The US Supreme Court has ruled Donald Trump’s sweeping global tariffs illegal – a stunning rebuke of the president’s signature economic policy that upended international trade.
The conservative-majority high court ruled six-three in the judgment, saying that a 1977 law known as the International Emergency Economic Powers Act (IEEPA) that Trump has relied on “does not authorise the President to impose tariffs”.
The ruling does not impact sector-specific duties Trump separately imposed on imports of steel, aluminum and various other goods.
Several government probes which could lead to more sectoral tariffs remain in the works.
Still, this marks Trump’s biggest defeat at the Supreme Court since returning to the White House last year.
This picture taken in April last year shows Trump holding a chart as he delivers remarks on reciprocal tariffs during an event in the Rose Garden entitled ‘Make America Wealthy Again; at the White House. – AFP
While Trump has long relied on tariffs as a lever for diplomatic pressure and negotiations, he made unprecedented use of emergency economic powers in his second term to slap new duties on virtually all US trading partners.
These included “reciprocal” tariffs over trade practices that Washington deemed unfair, alongside separate sets of duties targeting major partners Mexico, Canada and China over illicit drug flows and immigration.
The court noted yesterday that “had Congress intended to convey the distinct and extraordinary power to impose tariffs” with the IEEPA, “it would have done so expressly, as it consistently has in other tariff statutes”.
The Supreme Court’s three liberal justices joined three conservatives in yesterday’s ruling, which upheld lower court decisions that tariffs Trump imposed under the IEEPA were illegal.
Conservative Justices Brett Kavanaugh, Clarence Thomas and Samuel Alito dissented.
Chief Justice John Roberts, in delivering his opinion, said the “IEEPA contains no reference to tariffs or duties”.
“Our task today is to decide only whether the power to ‘regulate … importation’ as granted to the president in the IEEPA, embraces the power to impose tariffs.

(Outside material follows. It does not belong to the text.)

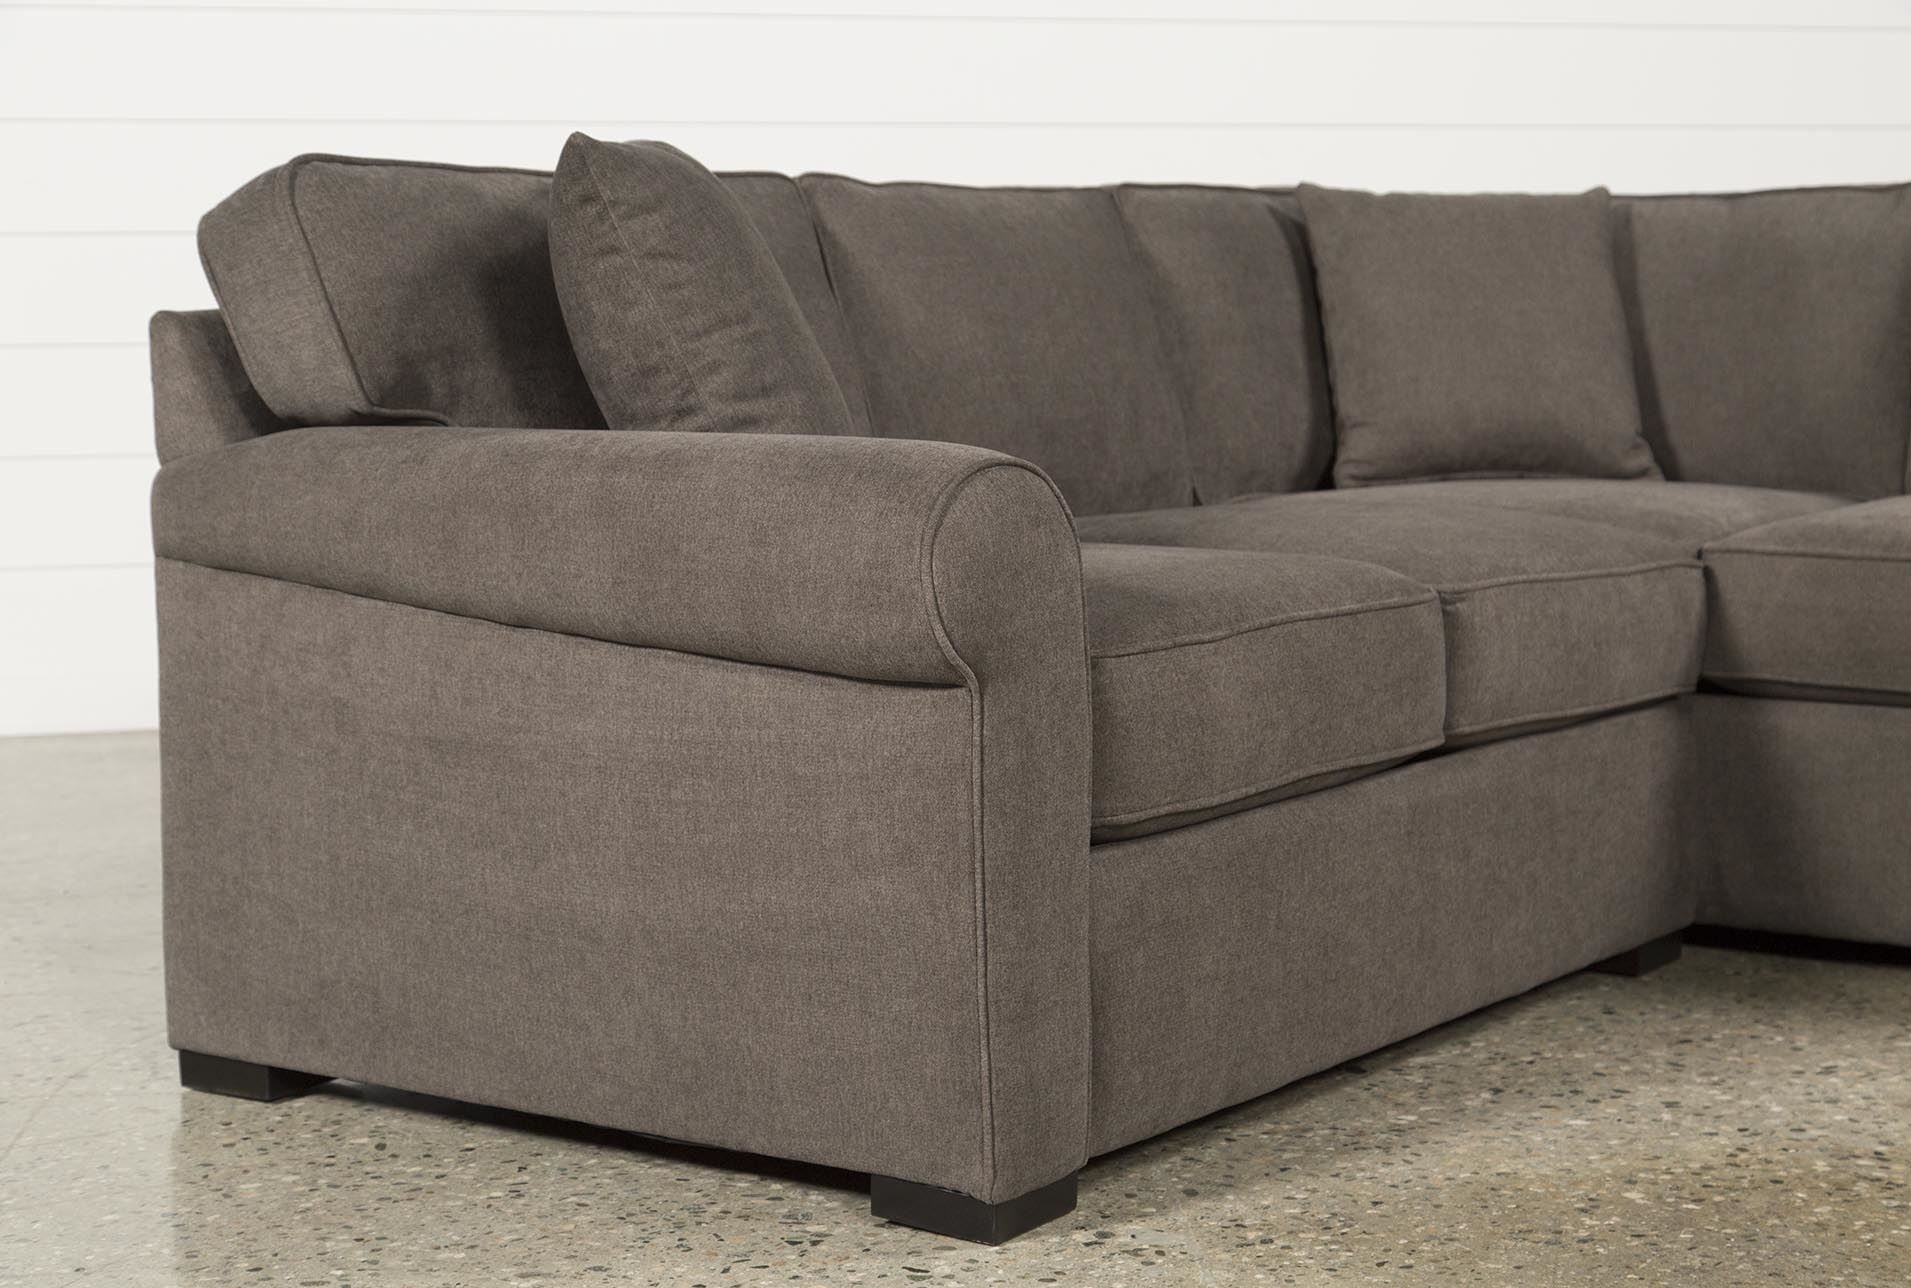 Elm Grande 2 Piece Sectional, Grey, Sofas | Room Inspiration Regarding Elm Grande Ii 2 Piece Sectionals (View 2 of 25)

It does not,” Roberts wrote in the ruling, quoting the statute’s text that Trump claimed had justified his sweeping tariffs.
The top judge, citing a prior Supreme Court ruling, wrote that “the president must ‘point to clear congressional authorisation’ to justify his extraordinary assertion of the power to impose tariffs,” adding: “He cannot.”
The Supreme Court reached its conclusion in a legal challenge by businesses affected by the tariffs and 12 US states, most of them Democratic-governed, against Trump’s unprecedented use of this law to unilaterally impose the import taxes.
A lower trade court ruled in May that Trump overstepped his authority with across-the-board levies and blocked most of them, but that outcome was put on hold as the government appealed.
The US Constitution grants Congress, not the president, the authority to issue taxes and tariffs.
The IEEPA lets a president regulate commerce in a national emergency.
Trump became the first president to use the IEEPA to impose tariffs, one of the many ways he has aggressively pushed the boundaries of executive authority since he returned to office in areas as varied as his crackdown on immigration, the firing of federal agency officials, domestic military deployments and military operations overseas.
With the White House already bracing for a negative outcome, KPMG chief economist Diane Swonk warned that “tariffs ruled illegal can be rapidly reinstated via other levers”.
“Financial markets rallied on the news, but that is premature,” she added.
Nonetheless, business groups cheered the ruling, with the National Retail Federation saying that this “provides much-needed certainty” for American firms and manufacturers.
“We urge the lower court to ensure a seamless process to refund the tariffs to US importers,” the federation said.
However, the justices did not address the degree to which importers can receive refunds. This will likely be litigated.
Kavanaugh warned that this process – as acknowledged during oral arguments – could be a “mess”.
EY-Parthenon chief economist Gregory Daco told AFP that the loss of IEEPA tariff revenues for the US government could amount to around $140bn.
Delighted Democratic leaders pounced on the ruling, with Senate Minority Leader Chuck Schumer lauding the outcome as a “win for the wallets” of US consumers.
However, top Democrat on the Senate Banking Committee Elizabeth Warren cautioned there remains “no legal mechanism for consumers and many small businesses to recoup the money they have already paid”.
The Budget Lab at Yale University estimates consumers face an average effective tariff rate of 9.1% with yesterday’s decision, down from 16.9%.
However, it said this “remains the highest since 1946”, excluding 2025.
Striking down the emergency tariffs “would constrain the president’s ambitions to impose across-the-board tariffs on a whim”, said Erica York of tax policy nonprofit the Tax Foundation.
However, it leaves him other statutes to use for tariffs, even if they tend to be more limited in scope – or require specific processes such as investigations – York told AFP.
“The ruling dismantles the legal scaffolding, not the building itself,” said ING analysts Carsten Brzeski and Julian Geib of Trump’s trade restrictions.